Episode 7: Healing the Heart

This week I want to talk about the different methods that I have used to help me heal my heart. If you’ve ever felt broken, lost, or unsure of how to move forward after any sort of trauma, this episode is for you. 

The things I have been through in my life have torn me down to feeling worthless, made me question what I am doing in this life, is it even worth it? Is it worth even trying to feel better? But I am here today, still healing, stronger, & more confident. You can do it, I promise it’s totally worth the work!

So let me start by sharing parts of my story. The majority of my trauma came from the abusive relationship with my first husband. I had it all, mental, emotional, physical & even sexual abuse. And I’ve said it before, but I’m going to say it again for those that haven’t listened to other episodes, you can be sexually abused in your marriage. No still means no, and if you have to make a choice on whether to have sex to avoid an argument or fight or have the argument or  fight, that is abuse. But all of the abuse came to an end when he committed suicide in front of me. There were other moments from our relationship that added to the trauma, like him putting a gun to my head on 2 different occasions. And other hurts & trauma have been here too, like hurts that were done to me after my mom passed away. And the trauma of going through my current husband being deathly ill & needing an organ transplant.

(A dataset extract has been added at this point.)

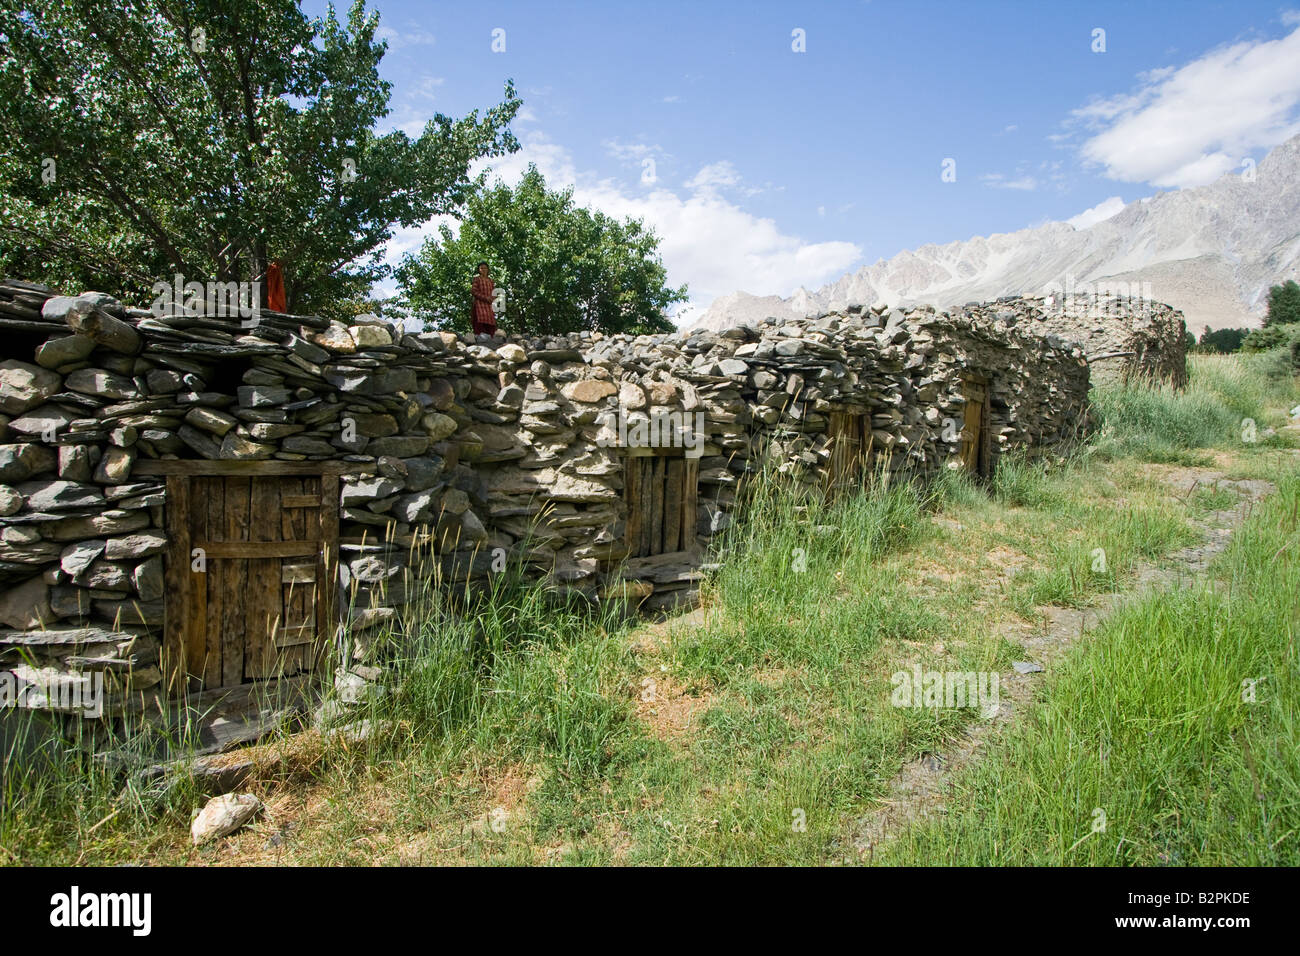 Stone Buildings in Passu Northern Pakistan - Stock Image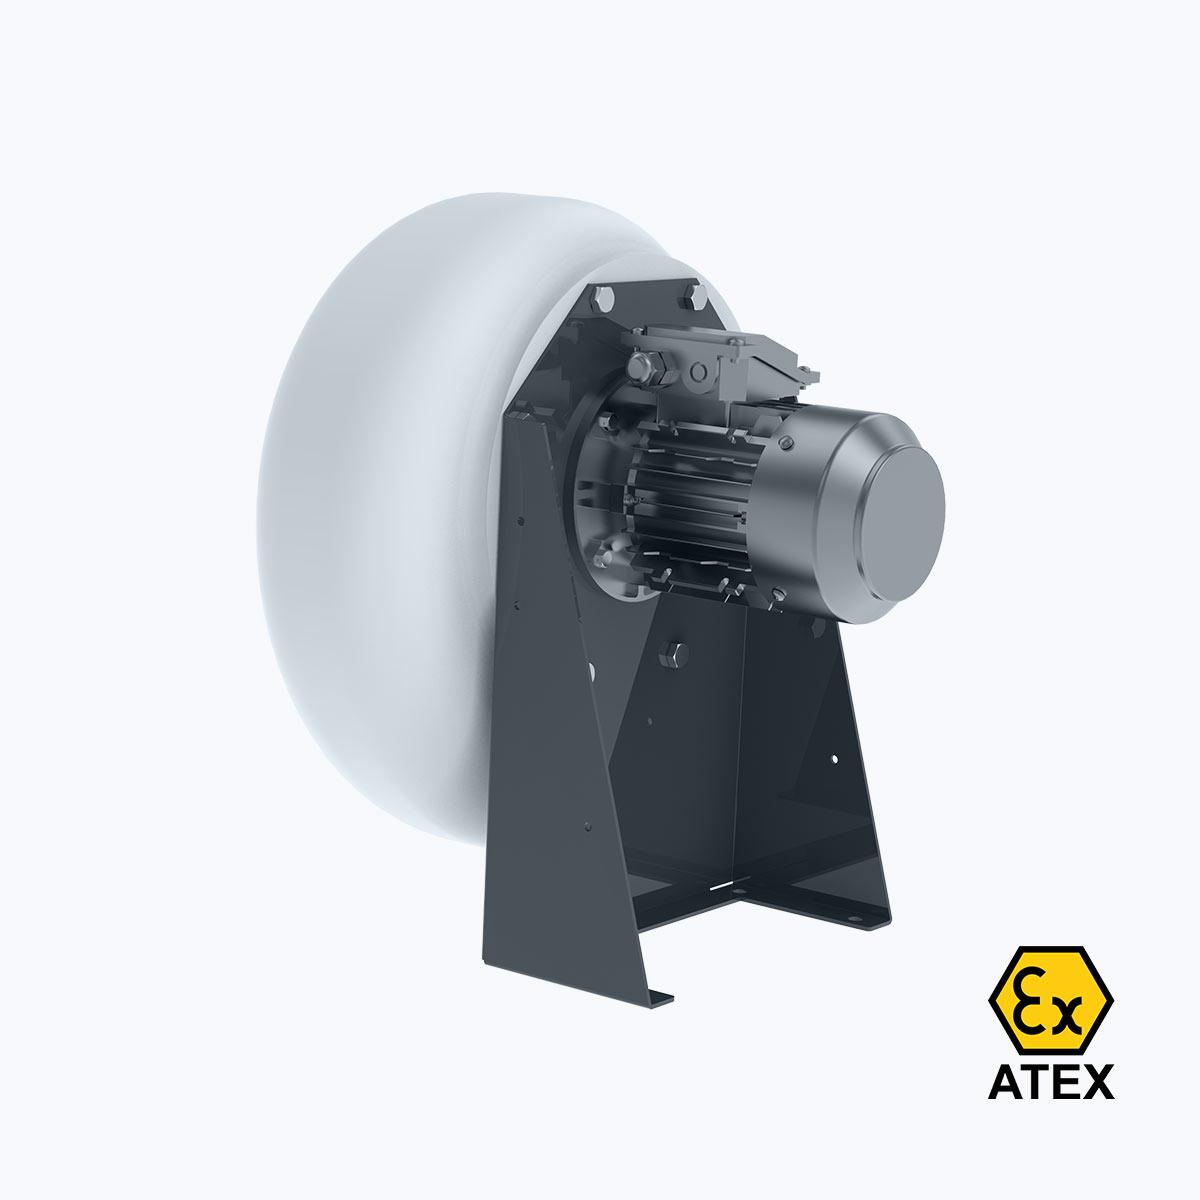 Ventinet.nl Plastic Ventilator Vn B Atex Motor

All of that led to me having emotions all over the place & sometimes not even having any emotions at all. I felt grief, relief, numbness, shame, & anger. And on top of all of that I was terrified of the future. After my first husband died, I was suddenly a single mom raising teenage girls, and I really didn’t know what I was going to do in those first few weeks. It caused deep anxiety & depression, sometimes feeling like going through all of this wasn’t worth it. Or there was no way I was going to make it.

When my current husband was facing his organ failure, the fear of losing my soulmate was all-consuming. I was terrified I would lose him before he got listed, or the transplant team would say he wasn’t eligible. This was truly out of my control. - Not that I was ever in control, but I like to think I was - I think control will have to be a whole separate topic! 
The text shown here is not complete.